### Data below
┌────────
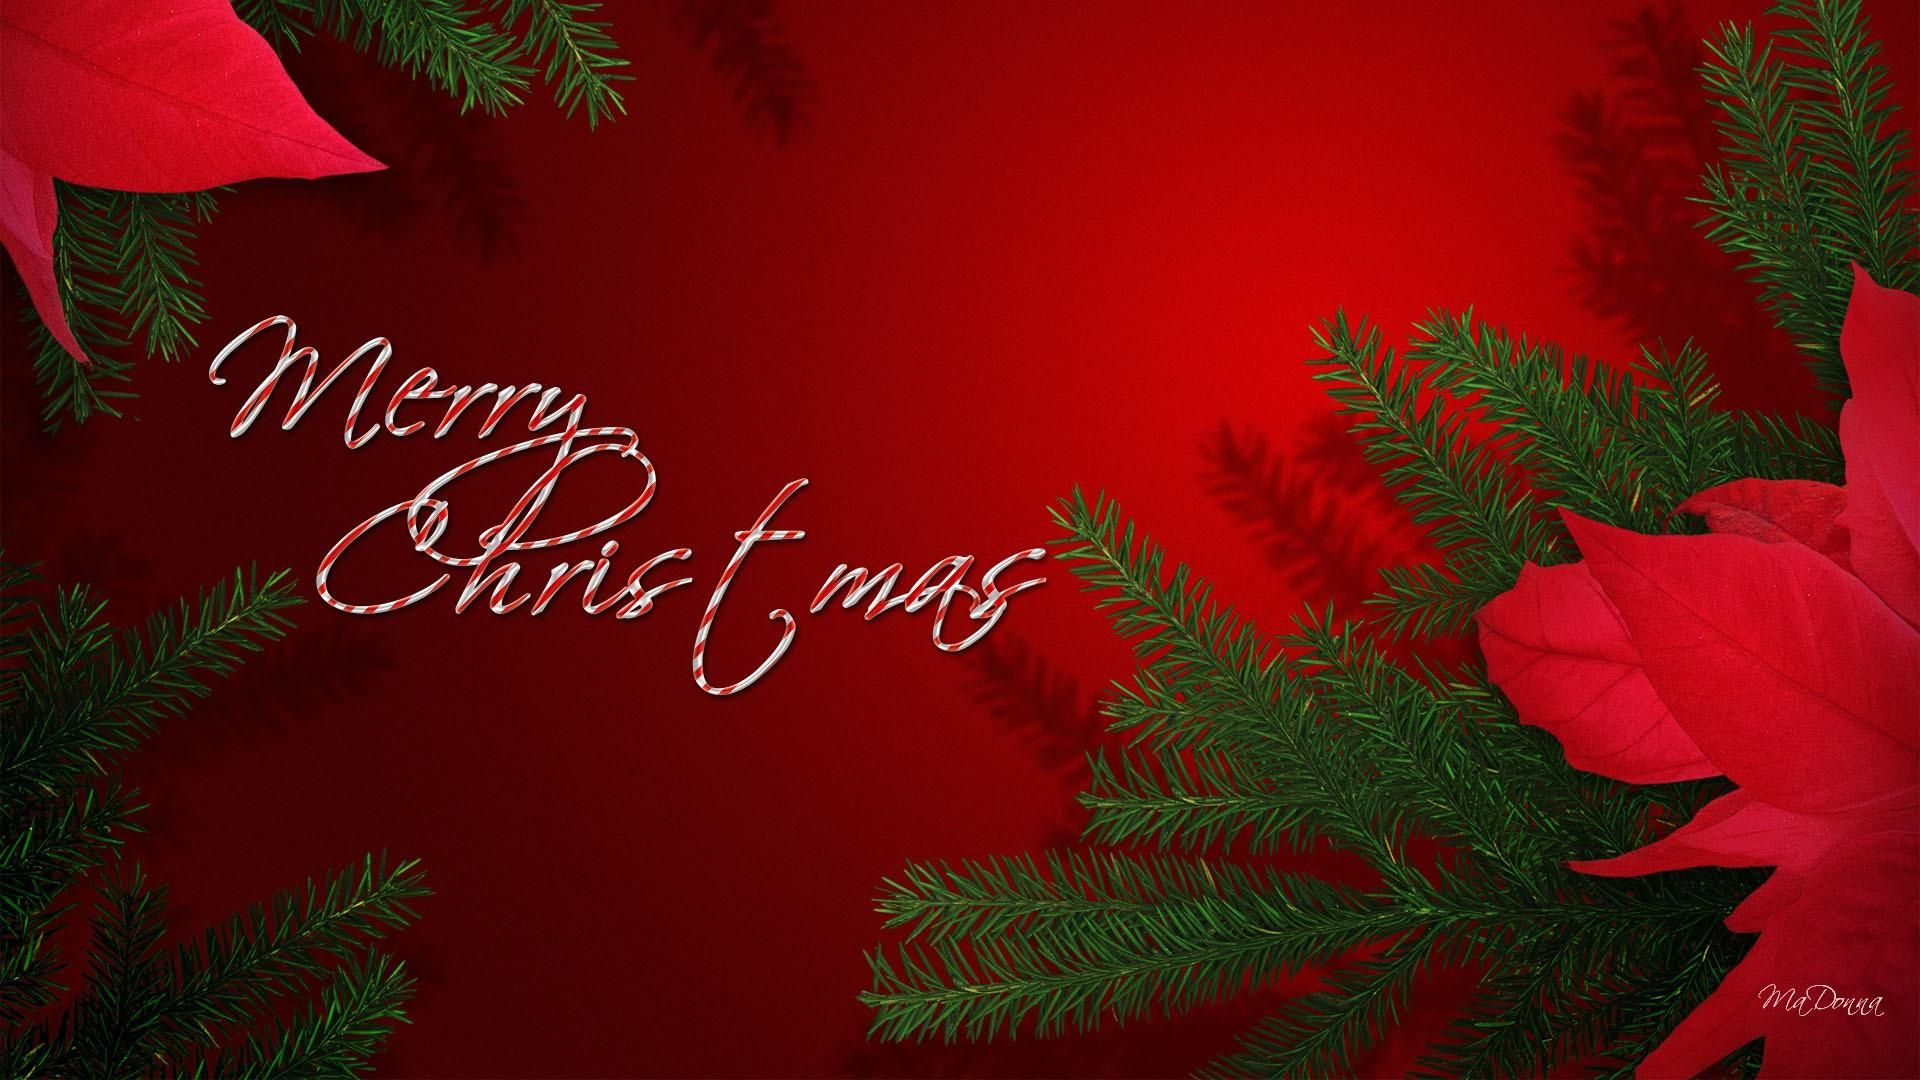 Christmas Wallpaper Hd 6999872 Merry Christmas Card Greetings Merry Christmas Greetings Christmas Wallpaper Hd
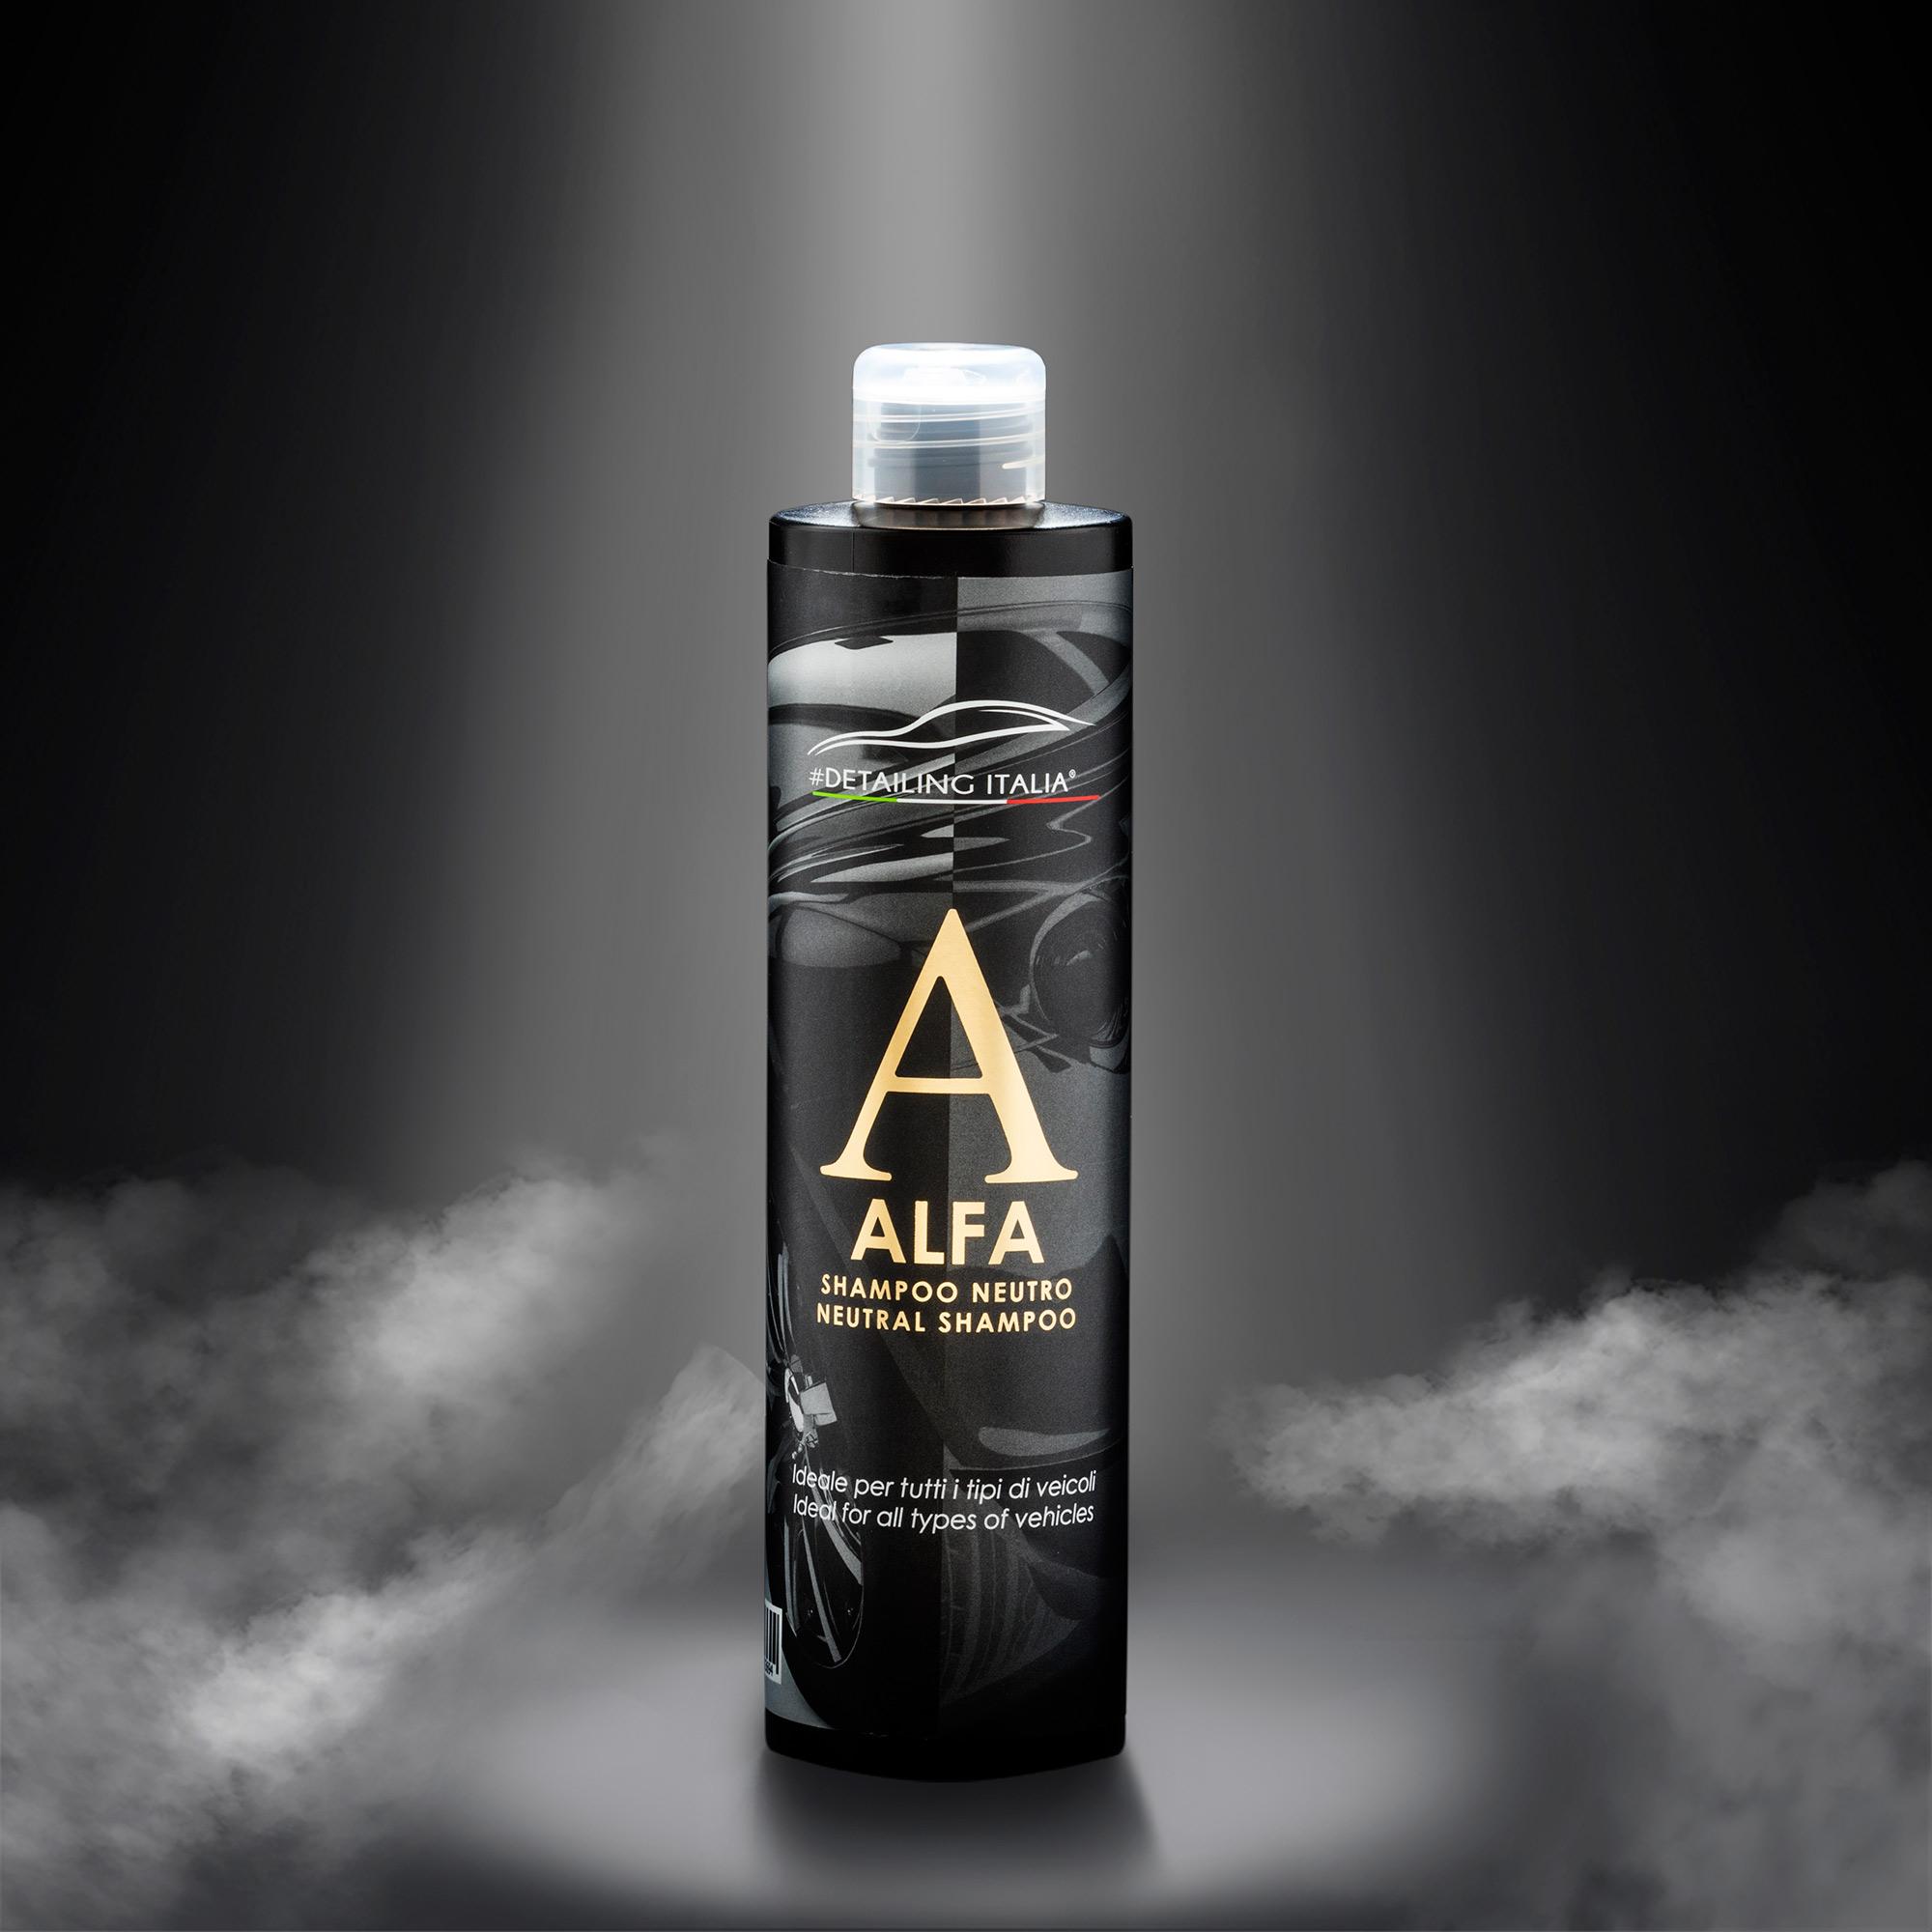 Alfa-Shampoo-neutro-per-auto
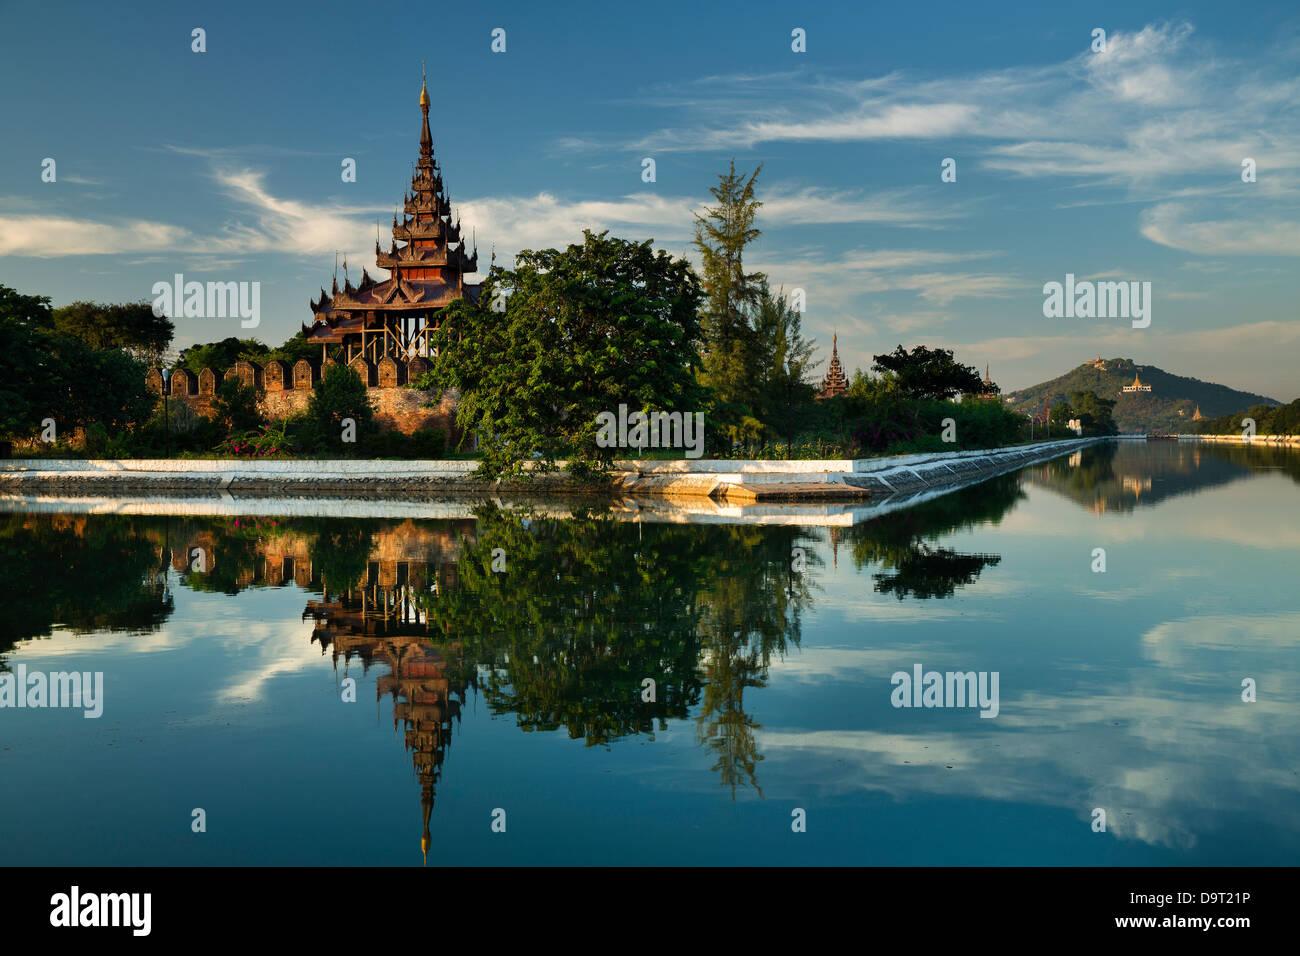 The old Royal City Wall, Mandalay, Burma (Myanmar) Stock Photo
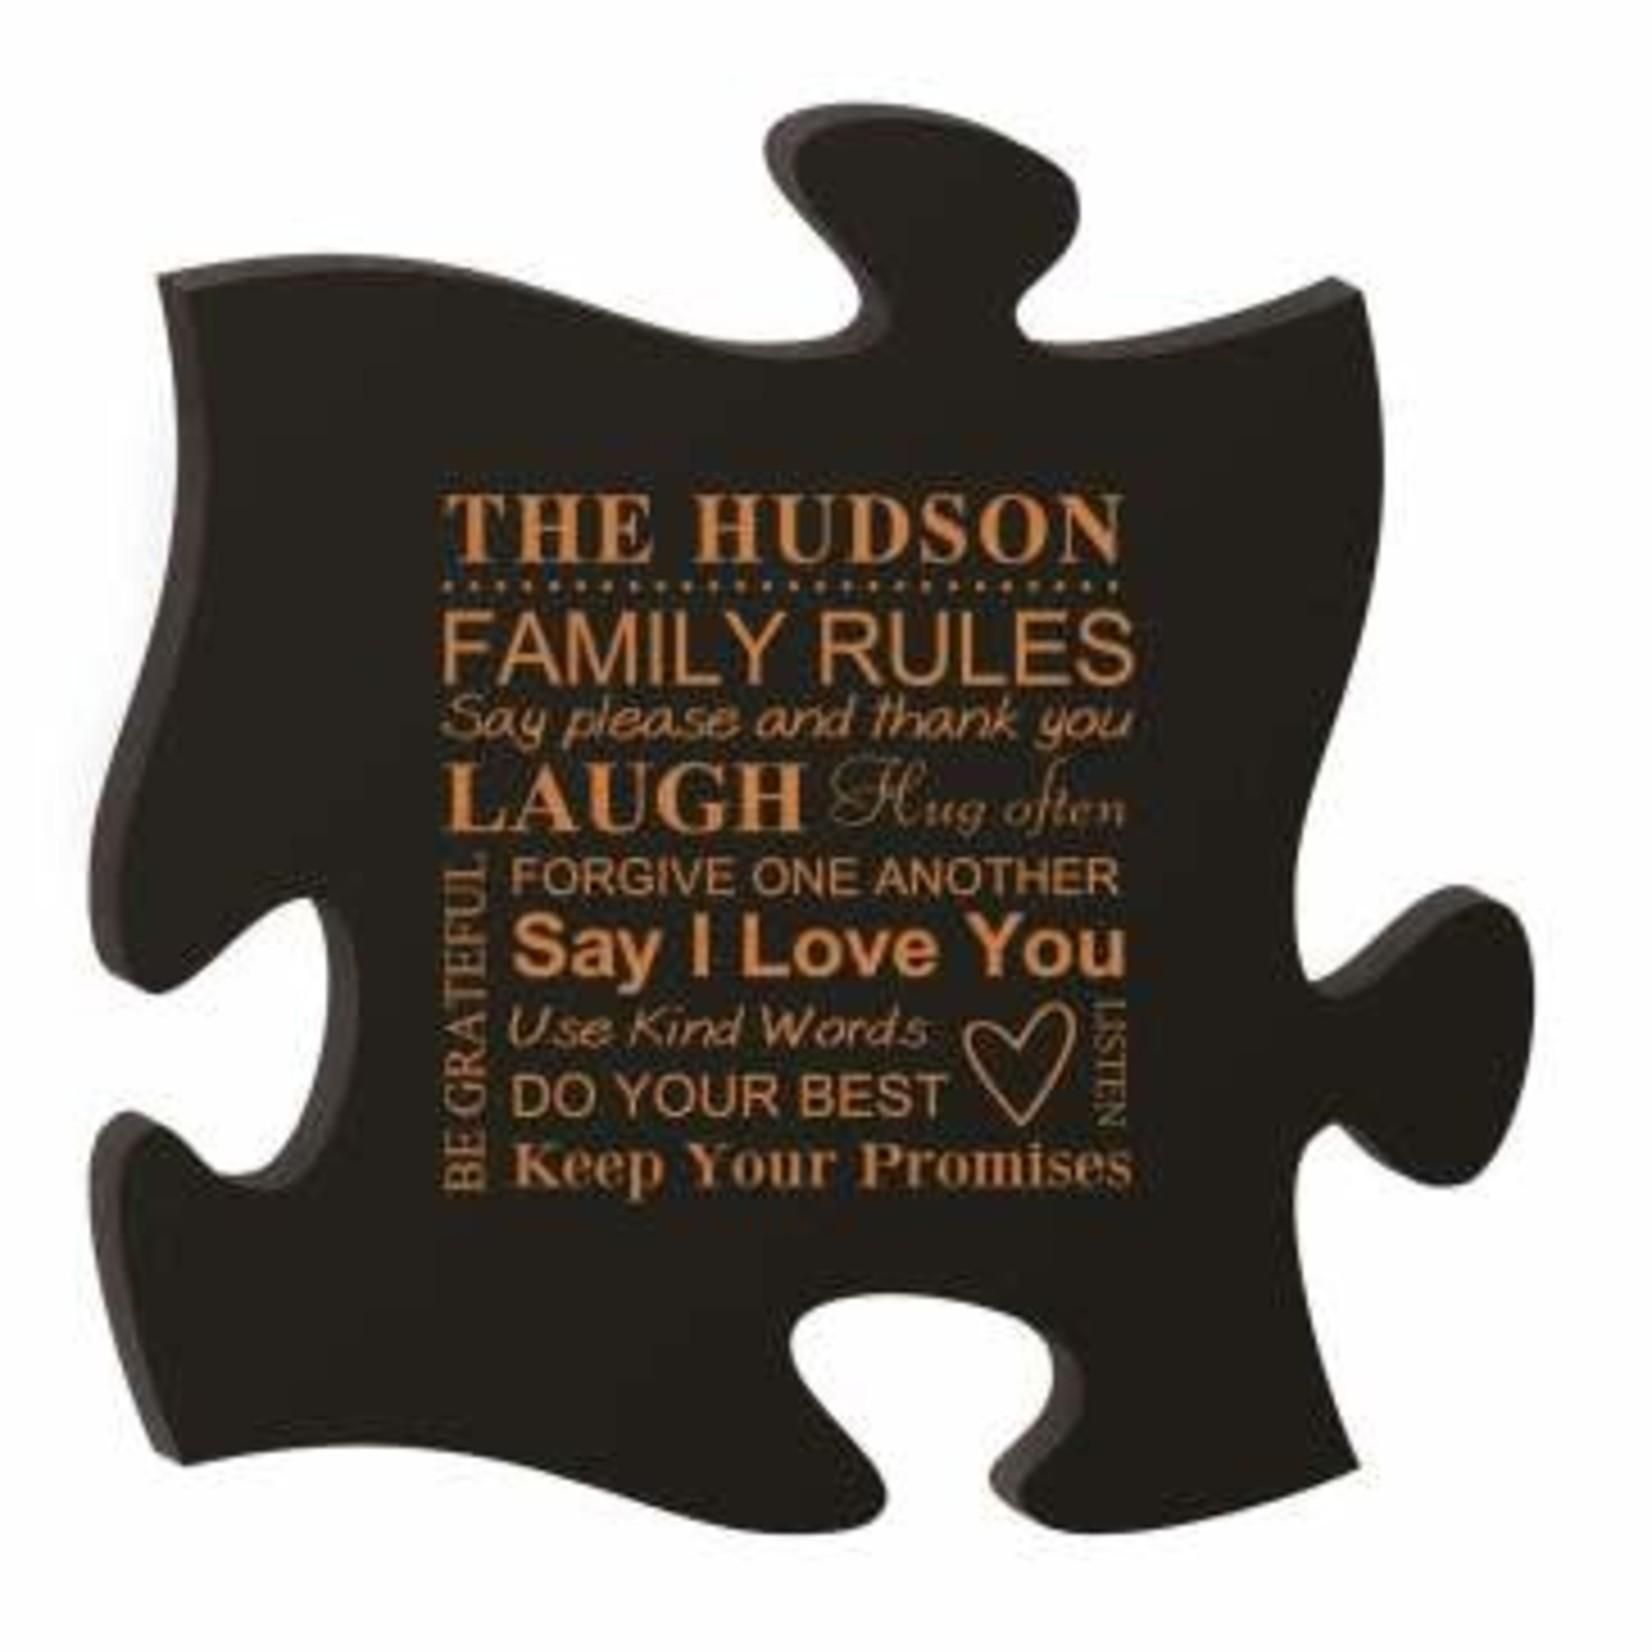 Puzzle Plaque - Black (No Photo)
└────────
### Required work
Only the lines between the one containing "Alfa-Shampoo-neutro-per-auto" and the last line of the listing above, both included, should be written out, exactly and without pictures.

### Answer space
 Alfa-Shampoo-neutro-per-auto
 The old Royal City Wall, Mandalay, Burma (Myanmar) Stock Photo
 Puzzle Plaque - Black (No Photo)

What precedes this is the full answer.